### Requirement
All lines from the one containing "Billy Bones Club Stay Bad 5 Panel Red Cord" through the end of the material are to be given back exactly, without pictures.

(Data segment)

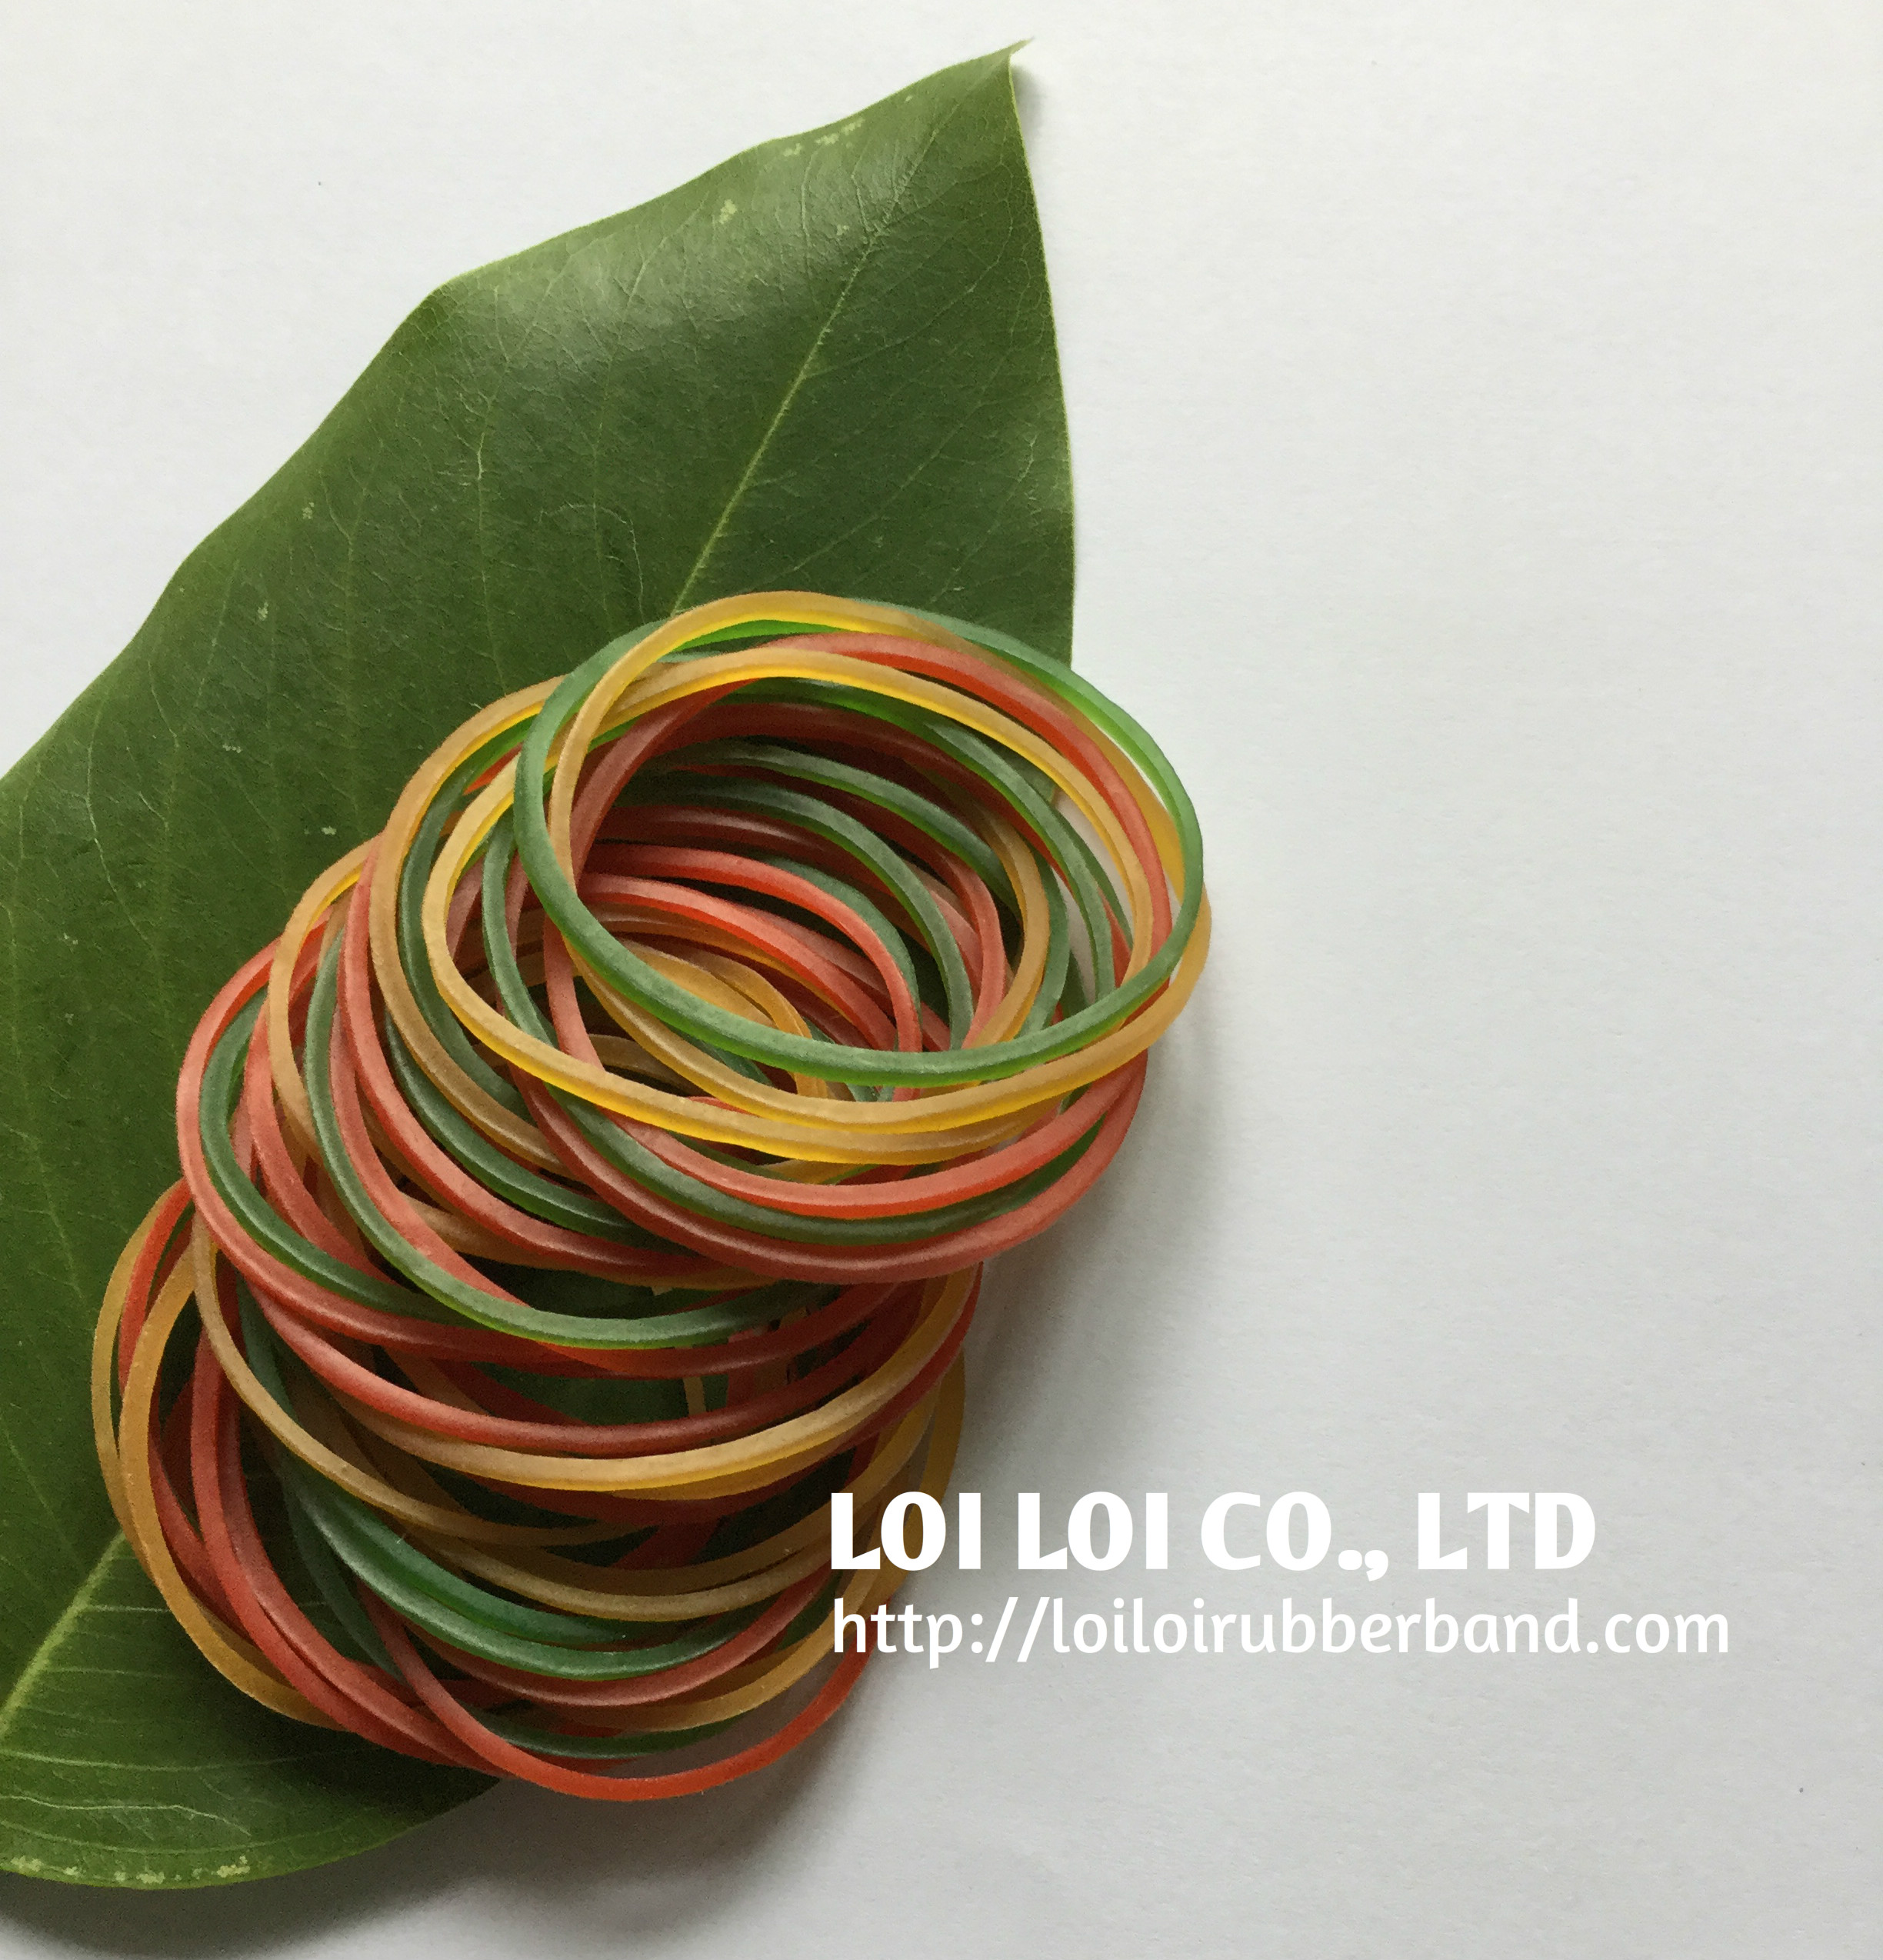 Natural color Rubber band use in Office stationery with the most interest tone colour Red Green Yellow to tie money latex free
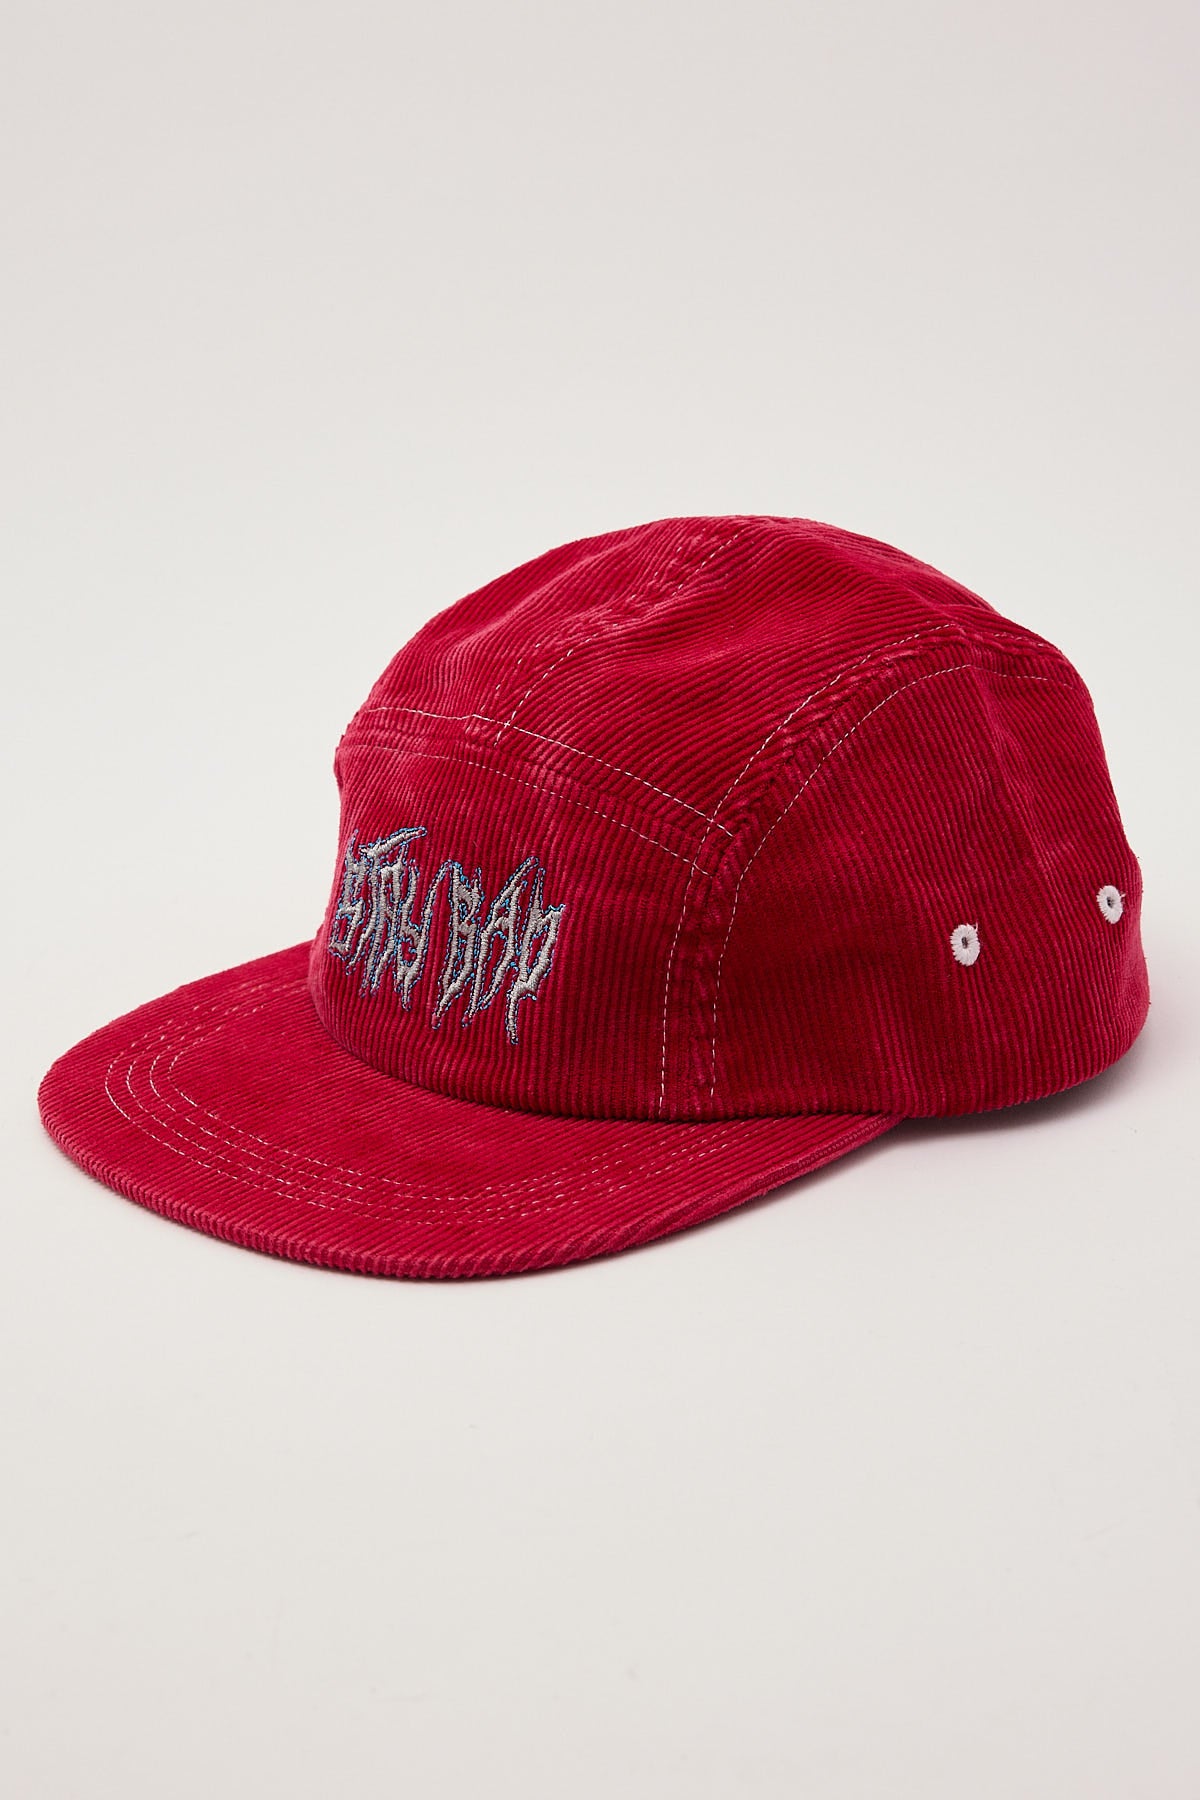 Billy Bones Club Stay Bad 5 Panel Red Cord
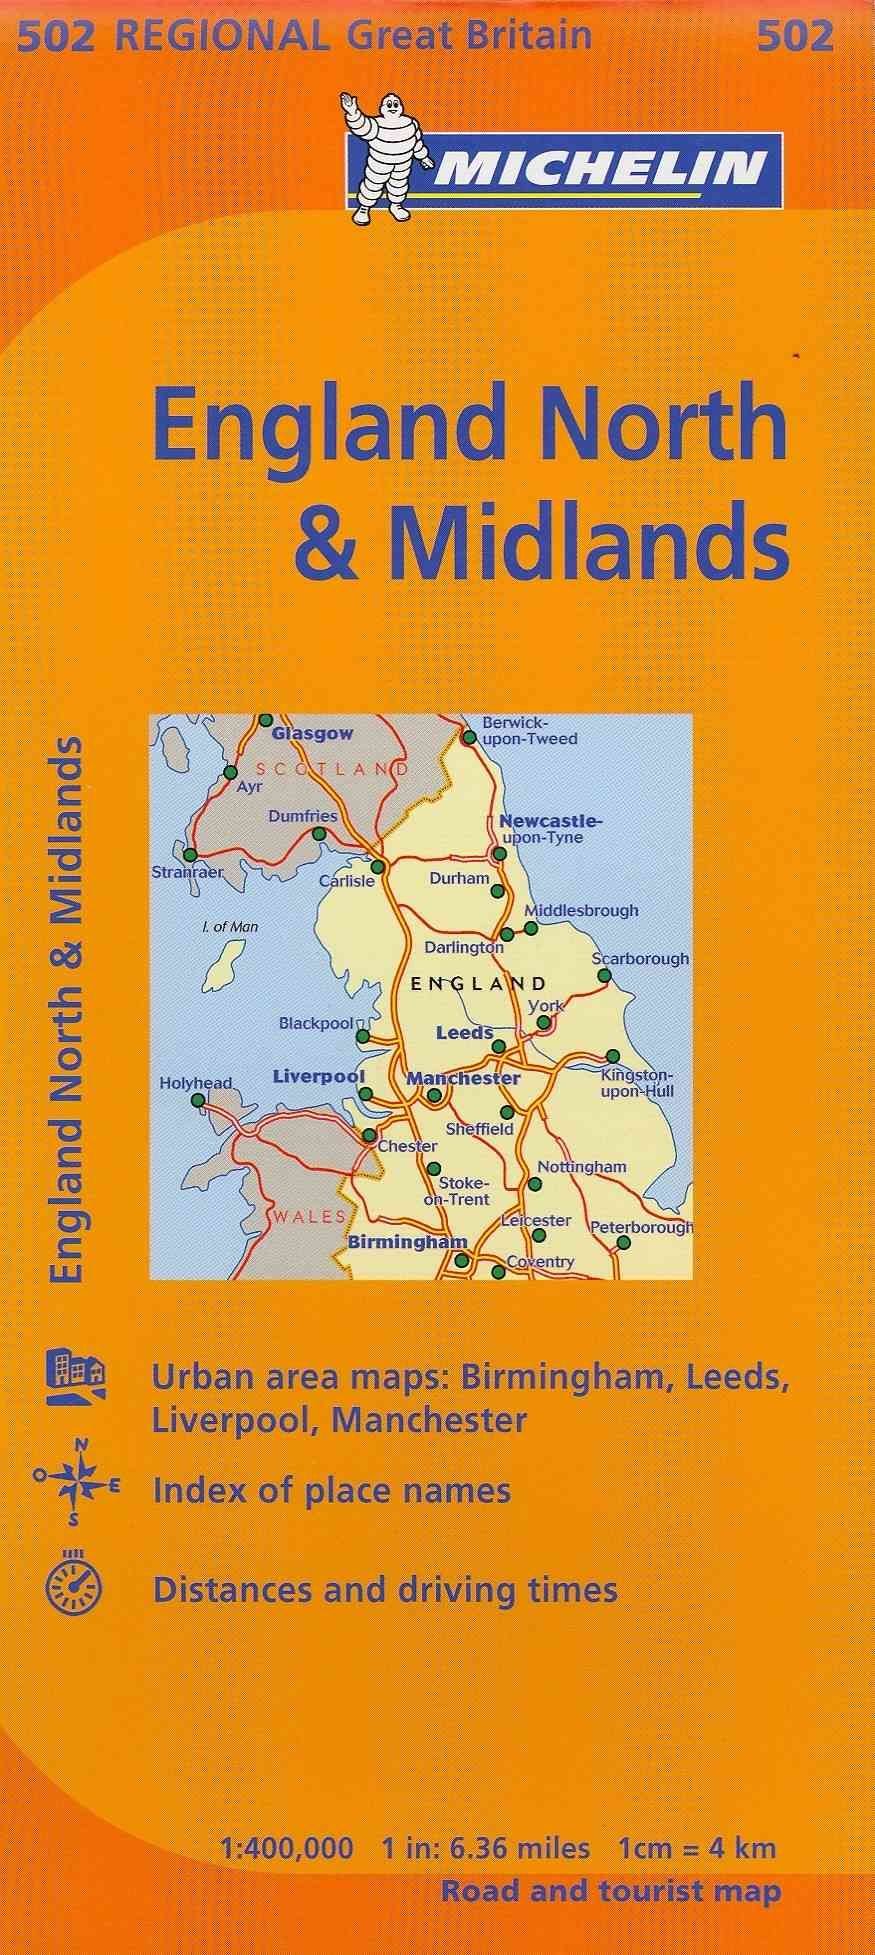 Michelin Map Great Britain: England North & the Midlands 502

(End Data segment)

### Result
 Billy Bones Club Stay Bad 5 Panel Red Cord
 Michelin Map Great Britain: England North & the Midlands 502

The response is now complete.